ETL, which stands for Extract, Transform and Load, is the process to move data from a source to a destination. I use this generic definition, as the tools are not specific to data warehousing. ETL tools and processes can be used to migrate data in any data context from data warehousing to data migration on an OLTP system update.
The rest of this document will focus specifically on ETL issues and issues related to Pentaho Kettle.
A good resource for Penaho Kettle is http://wiki.pentaho.com/display/EAI/Spoon+User+Guide
ETL BASICS
Some of the common usages for ETL are:
Merging Data – Data is pulled from multiple sources to be merged into one or more destinations.
Data Scrubbing (Format Modification) – Data formats can be changed. i.e. string to int, additionally, ETL can be used to “scrub” the data where bad data can be “fixed” using fuzzy lookups or other operations to infer a value.
Automation – ETL can be used to automate the movement of data between two locations. This also standardizes the process, so that the load is done the same way in every run.

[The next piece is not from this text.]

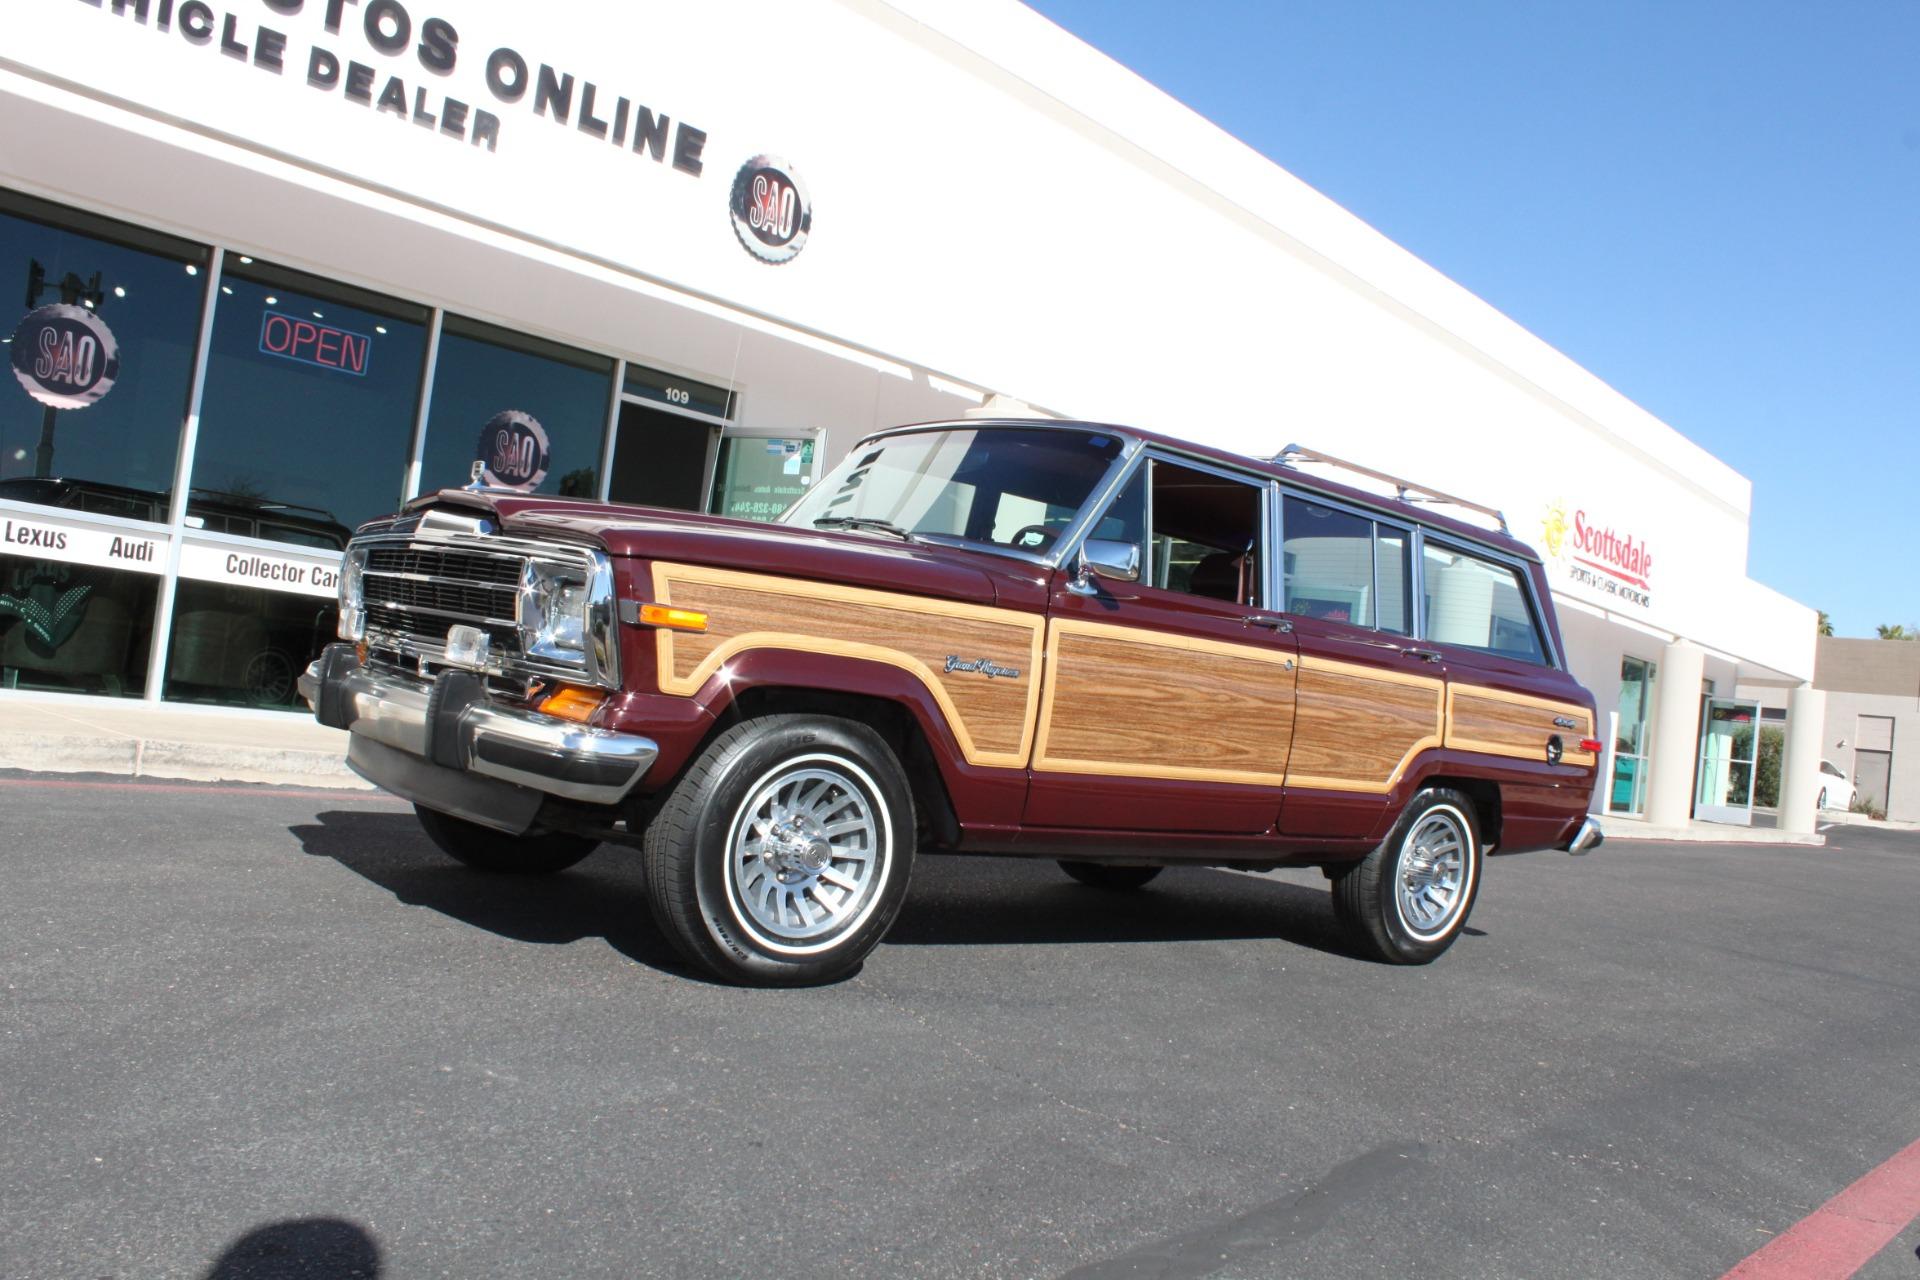 Used-1988-Jeep-Grand-Wagoneer-LS400
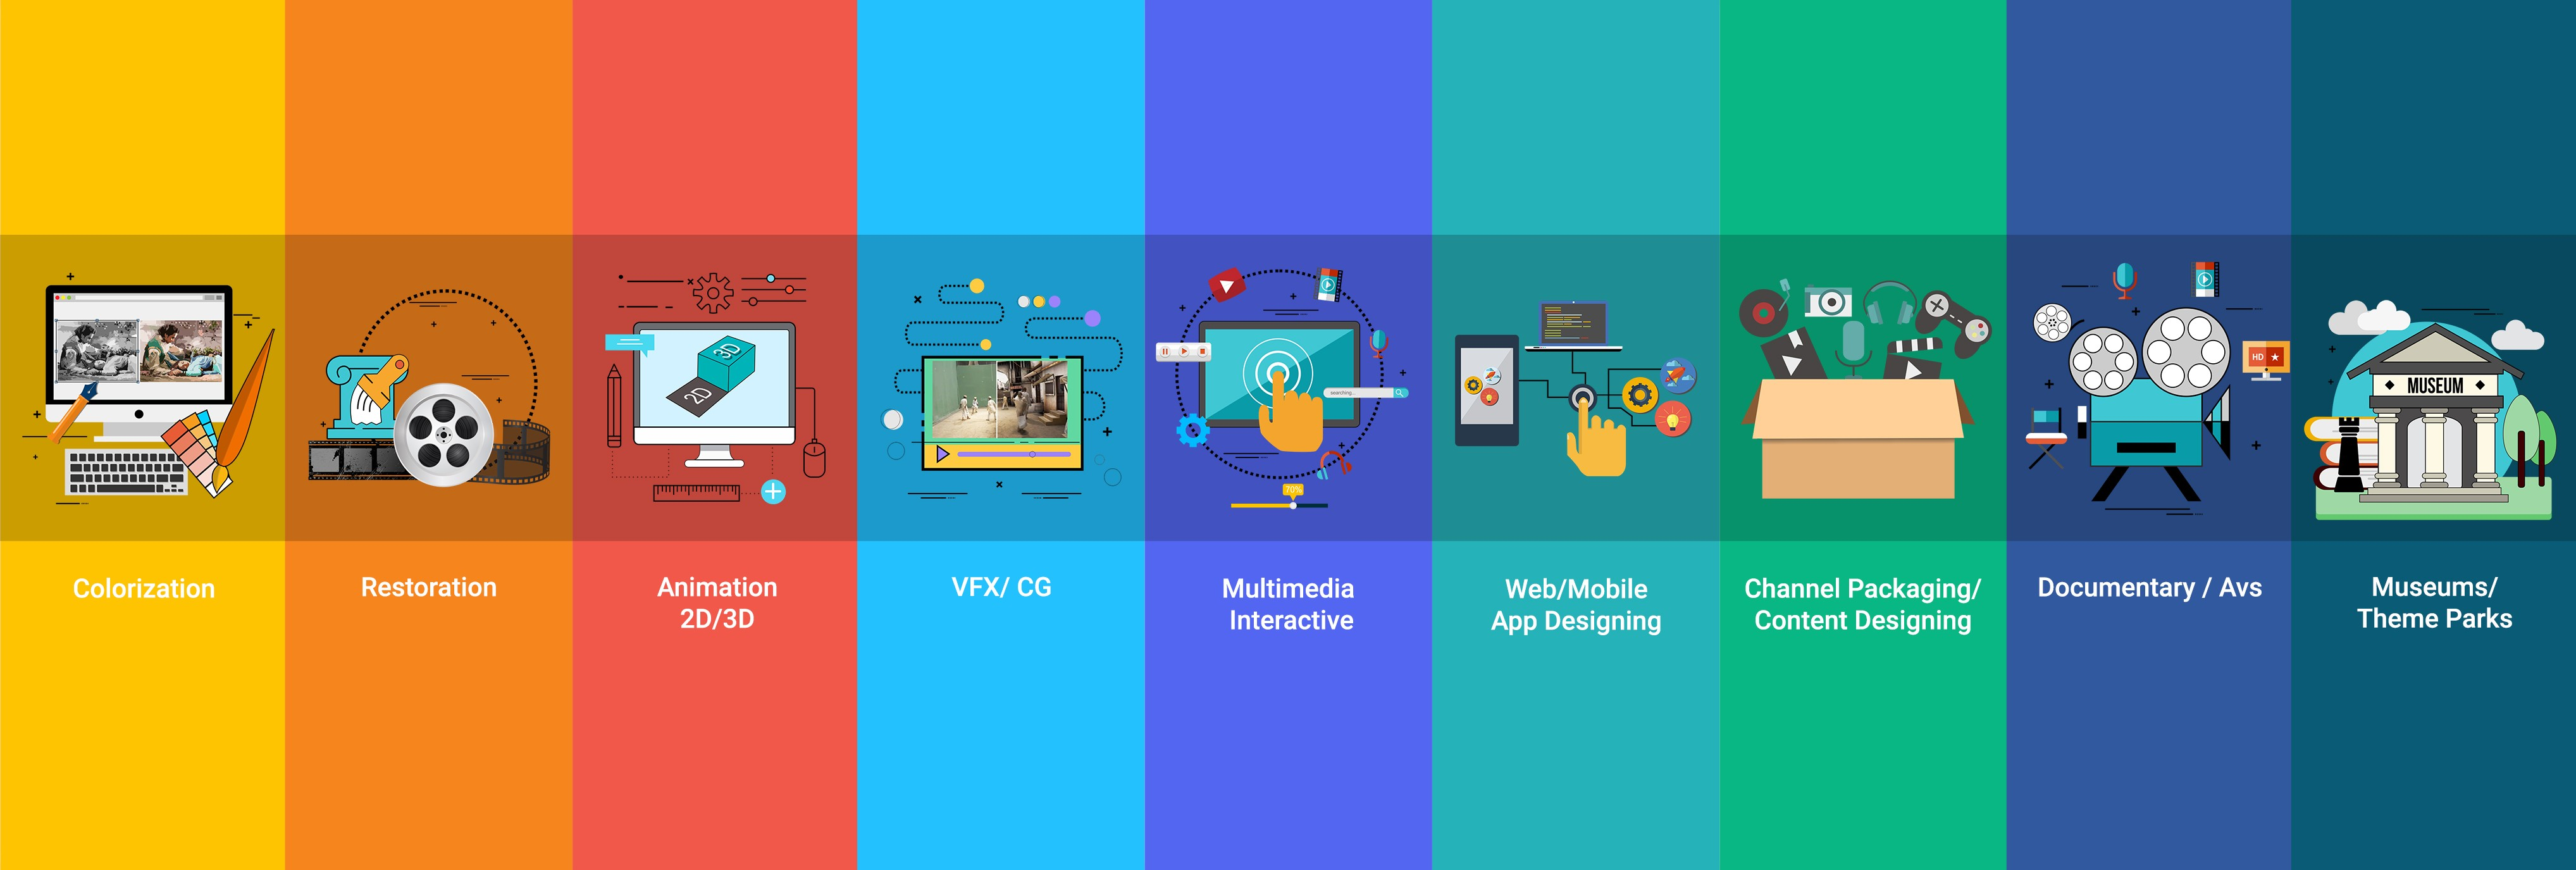 LivePixel Technologies | LinkedIn

JOBS, TRANSFORMATIONS, STEPS, and HOPS
In Pentaho, each entire ETL process is described in one or more TRANSFORMATIONS. A transformation is defined as an entity that contains definitions on how to move data from one or more sources to one or more destinations. Specifically, a transformation will contain the following parts:
1. Input (s) – one or more input steps defines is the source of the data for a transformation. A transformation can contain 1 or more sources. Due to the nature of the script component, there is no practical limit on the kinds of sources that can be used.
2. Output(s) – one or more output steps defines the end point of the data’s journey. A transformation must contain 1 or more destinations. As with the source, the options for what can be used as a destination have no practical limits.
3. Steps– These are used to massage the data in transit between the source and destination. Data format modifications, data clean up, and data lookups are very common to be seen in this section.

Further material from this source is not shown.